12. Gary Hamel dan Nancy Tennant, “5 Persyaratan Perusahaan yang Benar-Benar
Inovatif,” Harvard Business Review, 27 April 2015, https://hbr.org/2015/04/ 5-
persyaratan-perusahaan-yang-benar-benar-inovatif.
13. Hamel dan Tennant, “5 Persyaratan Perusahaan yang Benar-Benar Inovatif.”

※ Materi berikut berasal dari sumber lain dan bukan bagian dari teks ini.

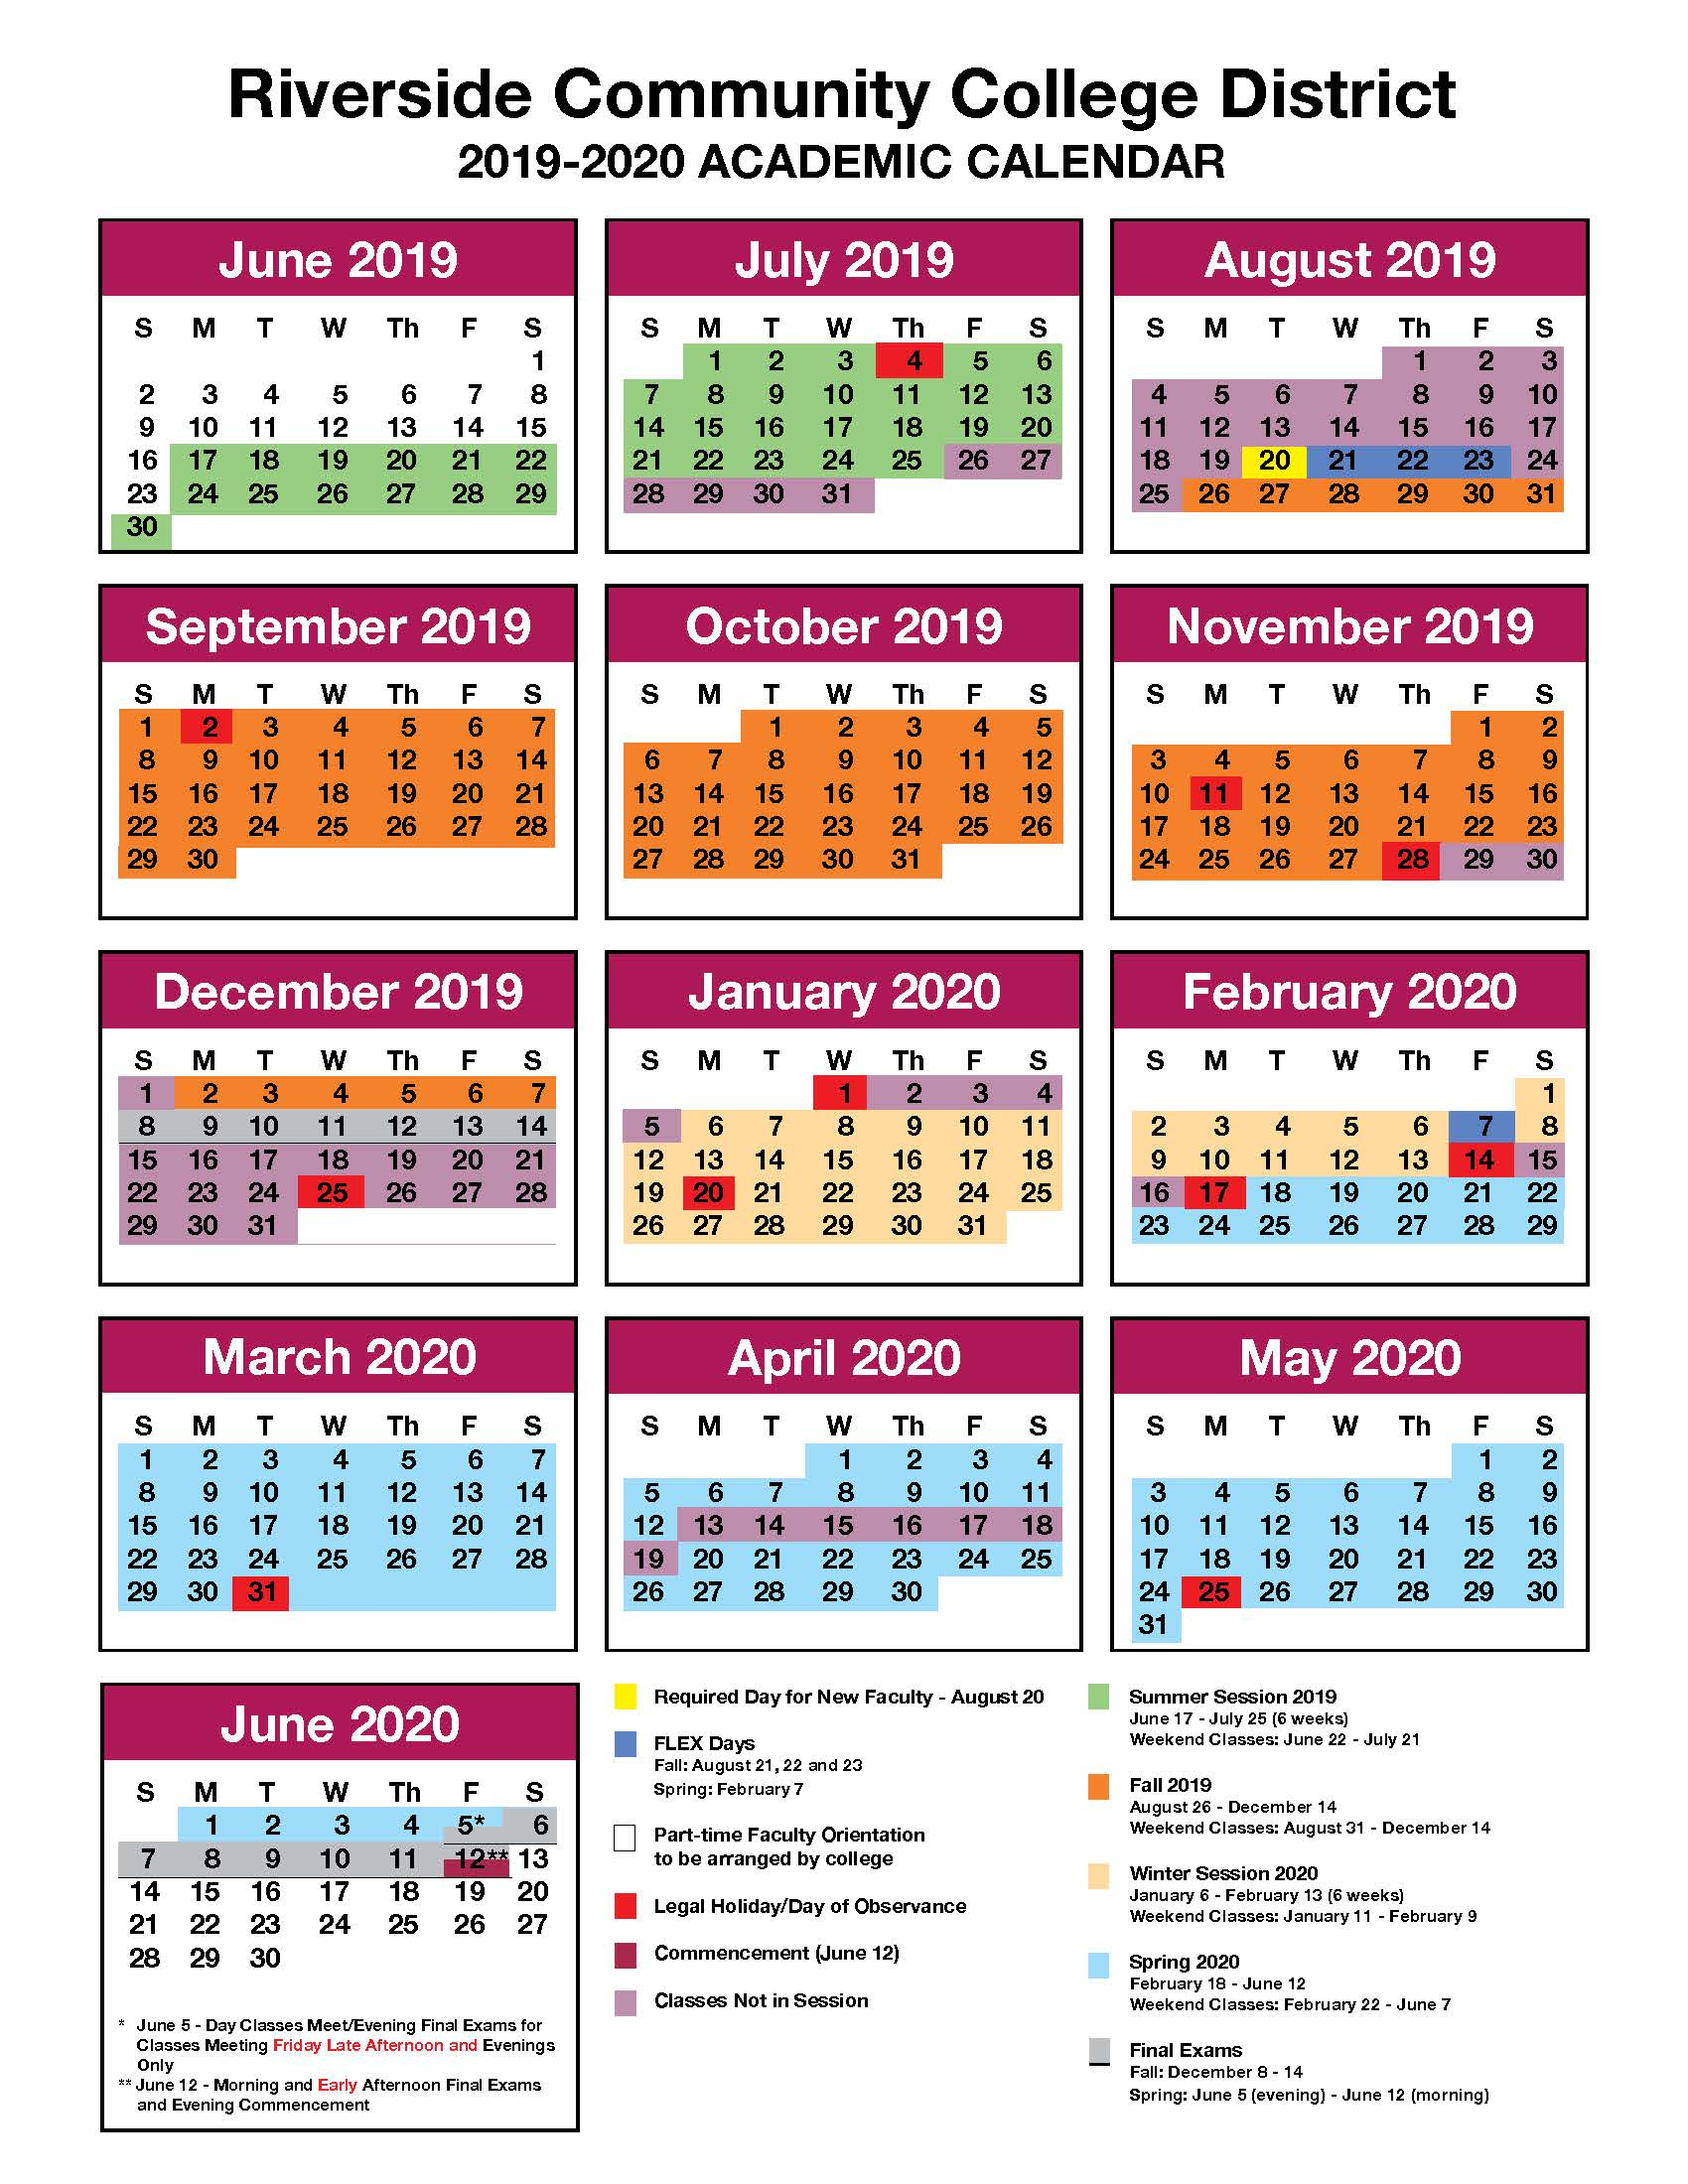 Jfk And Norco College Calendar 2019 2020 - John F. Kennedy Inside Chino Hills High School Calendar 2021

14. P.Watzlawick, J. H. Weakland, dan R. Fisch, Perubahan: Prinsip Pembentukan Masalah dan Resolusi
Masalah (New York: Norton, 1974).
15. Ke sepanjang pengetahuan saya, saya adalah orang pertama yang menyarankan penggunaan intervensi
semacam itu dalam psikologi olahraga terapan pada tahun 1991: “On the Use of Paradoxical Interventions
in Counseling and Coaching in Sport,” The Sport Psychologist 5 (Maret 1991): 61-72.
16. Menurut prinsip rasionalitas sebagai "bukti yang baik," lihat Bar-Eli, Lurie dan Breivik, "Rasionalitas
dalam Olahraga," 38.
17. Pengkhotbah 3:1–8, Versi King James.
18. Matthew Syed, Bounce (New York: Harper, 2010), 98–99.
19. M. Bar-Eli, O. Lowengart, M. Master-Barak, S. Oreg, J. Goldenberg, S. Epstein, dan RD Fosbury,
“Mengembangkan Peak Performers dalam Olahraga: Optimalisasi Versus Kreativitas,” dalam Proses
Esensial untuk Mencapai Puncak Prestasi, eds. D. Hackfort dan G. Tenenbaum (New York: Meyer &
Meyer, 2006), 158–177.
20. JanaKasperkevic, “Google Diam-diam Menghentikan '20% Waktu',” Inc., 16 Agustus 2013,
www.inc.com/jana-kasperkevic/google-secretly-phases-out-20-percent-time. html.
21. Brian Amble, “Terlalu Banyak Inovasi Tidak Membayar Dividen,” Masalah Manajemen, 25 Agustus
2015,www.management-issues.com/news/7092/too-much-innovation- tidak-membayar-dividen/.